Problem details. Apart from the images, reproduce all of the data word for word.

Data shown.
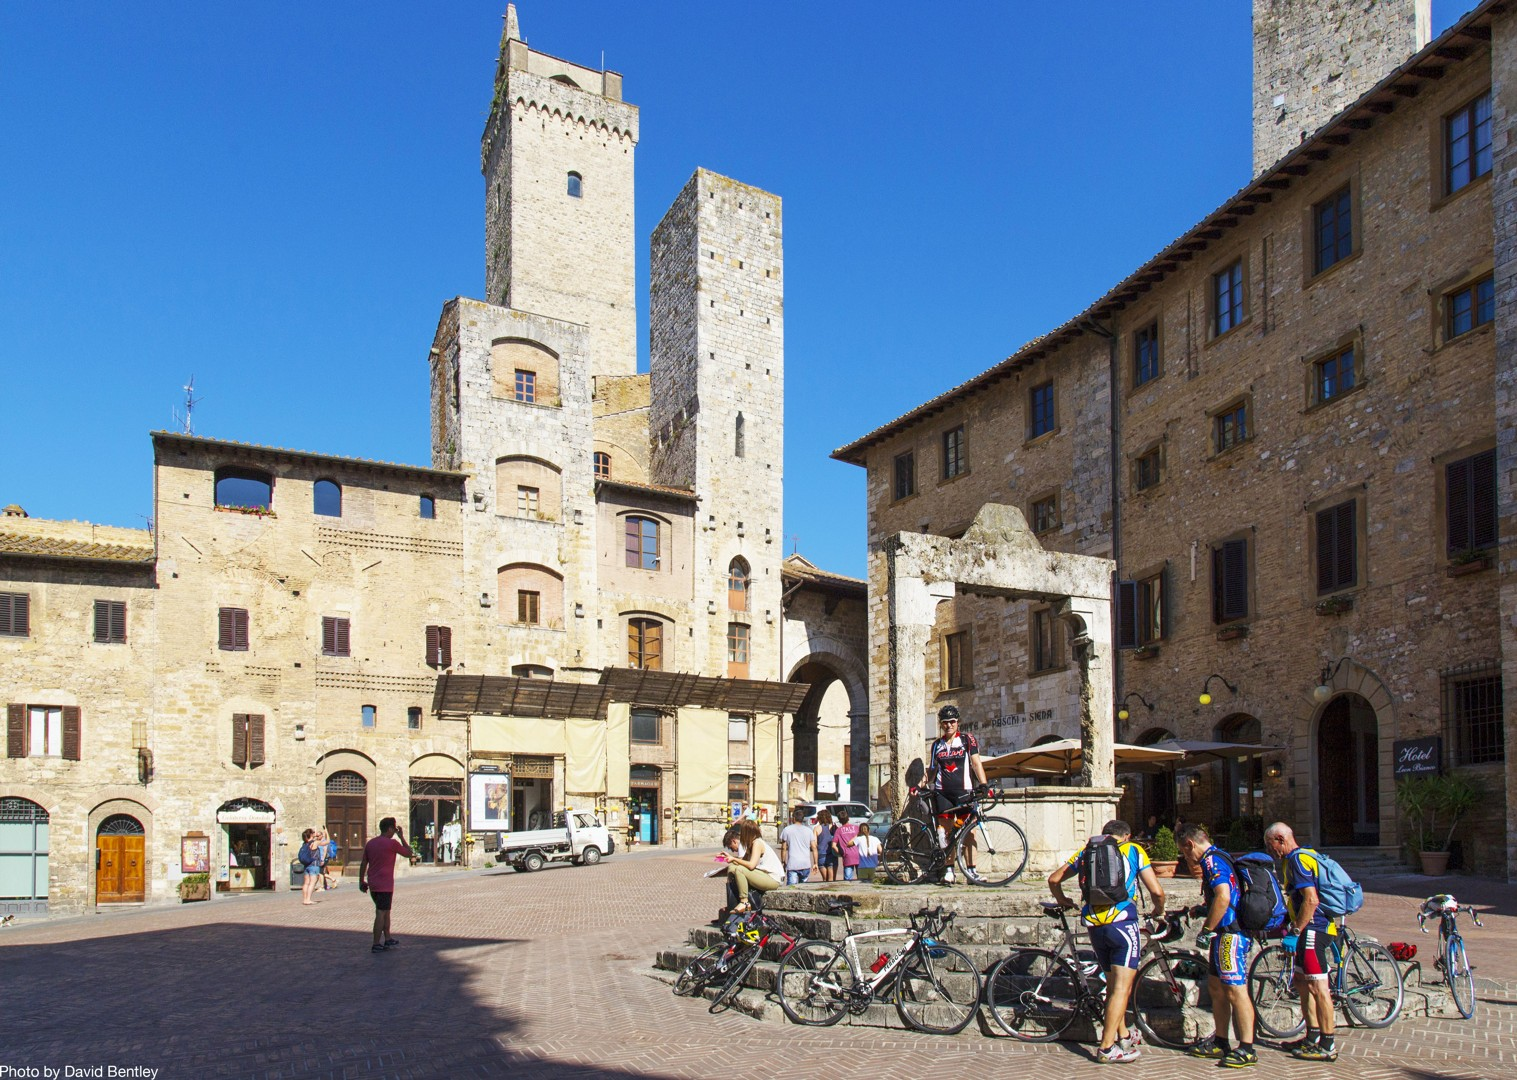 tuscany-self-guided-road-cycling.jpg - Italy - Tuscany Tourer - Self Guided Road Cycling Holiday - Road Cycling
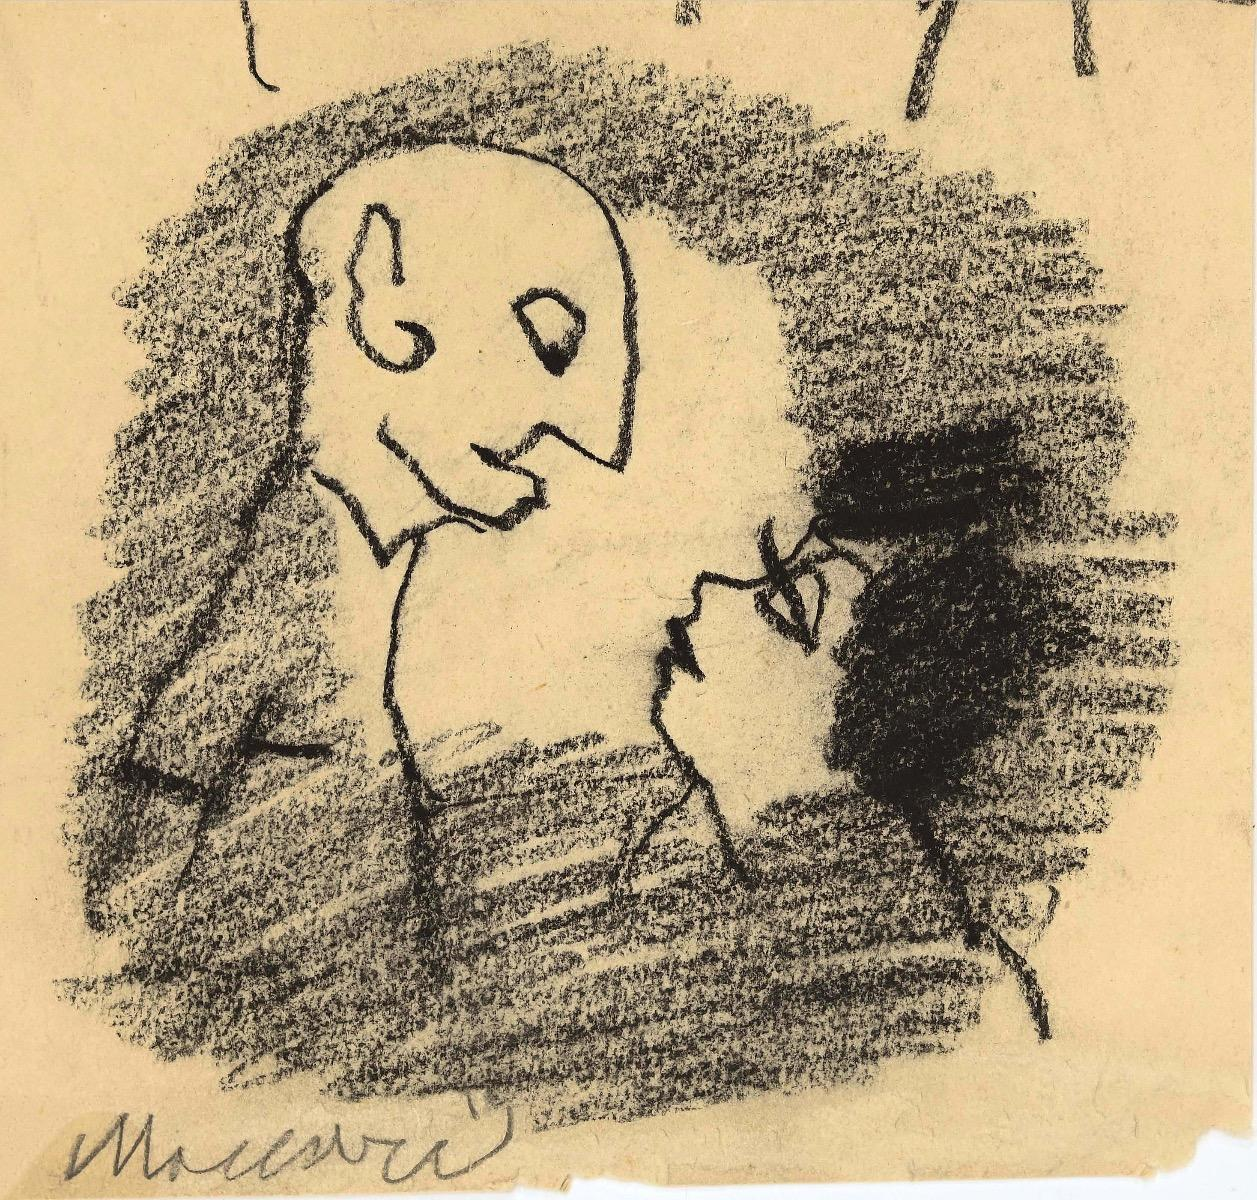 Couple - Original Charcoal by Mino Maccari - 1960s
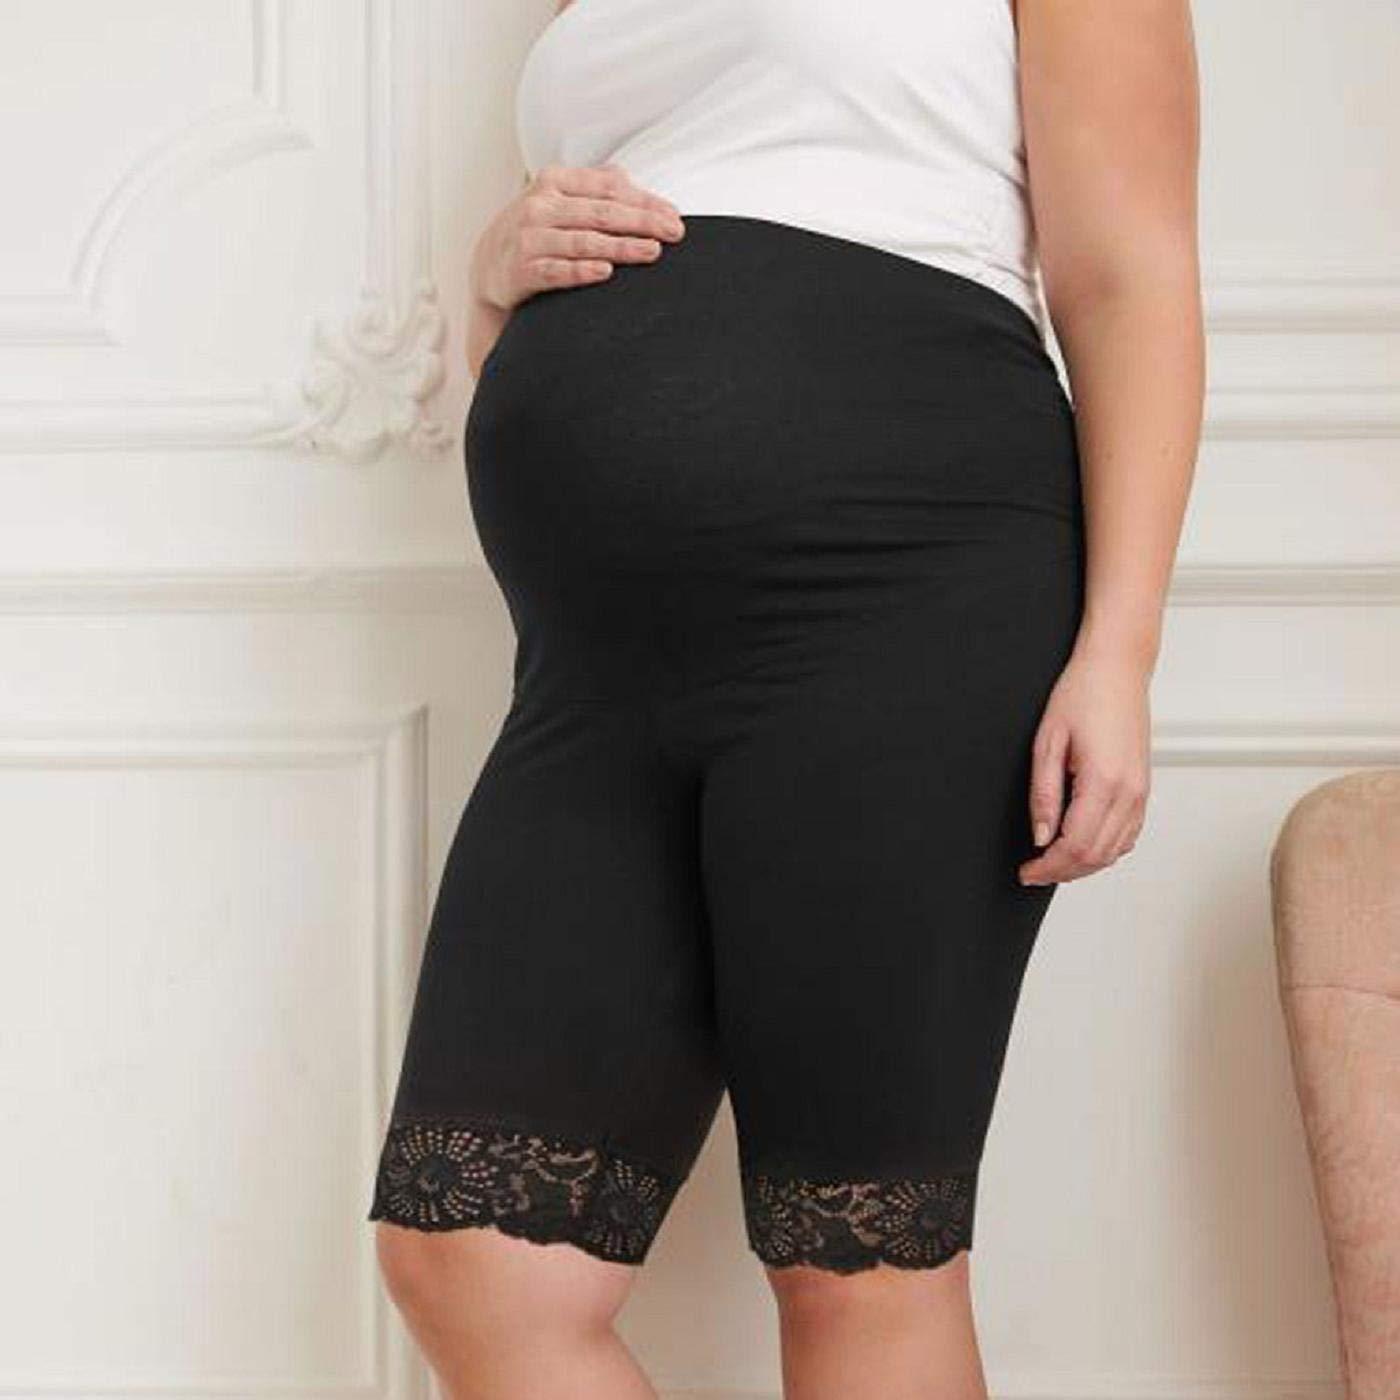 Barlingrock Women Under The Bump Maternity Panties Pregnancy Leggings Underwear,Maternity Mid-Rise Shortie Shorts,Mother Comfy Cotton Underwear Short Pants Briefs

Written response.
 tuscany-self-guided-road-cycling.jpg - Italy - Tuscany Tourer - Self Guided Road Cycling Holiday - Road Cycling
 Couple - Original Charcoal by Mino Maccari - 1960s
 Barlingrock Women Under The Bump Maternity Panties Pregnancy Leggings Underwear,Maternity Mid-Rise Shortie Shorts,Mother Comfy Cotton Underwear Short Pants Briefs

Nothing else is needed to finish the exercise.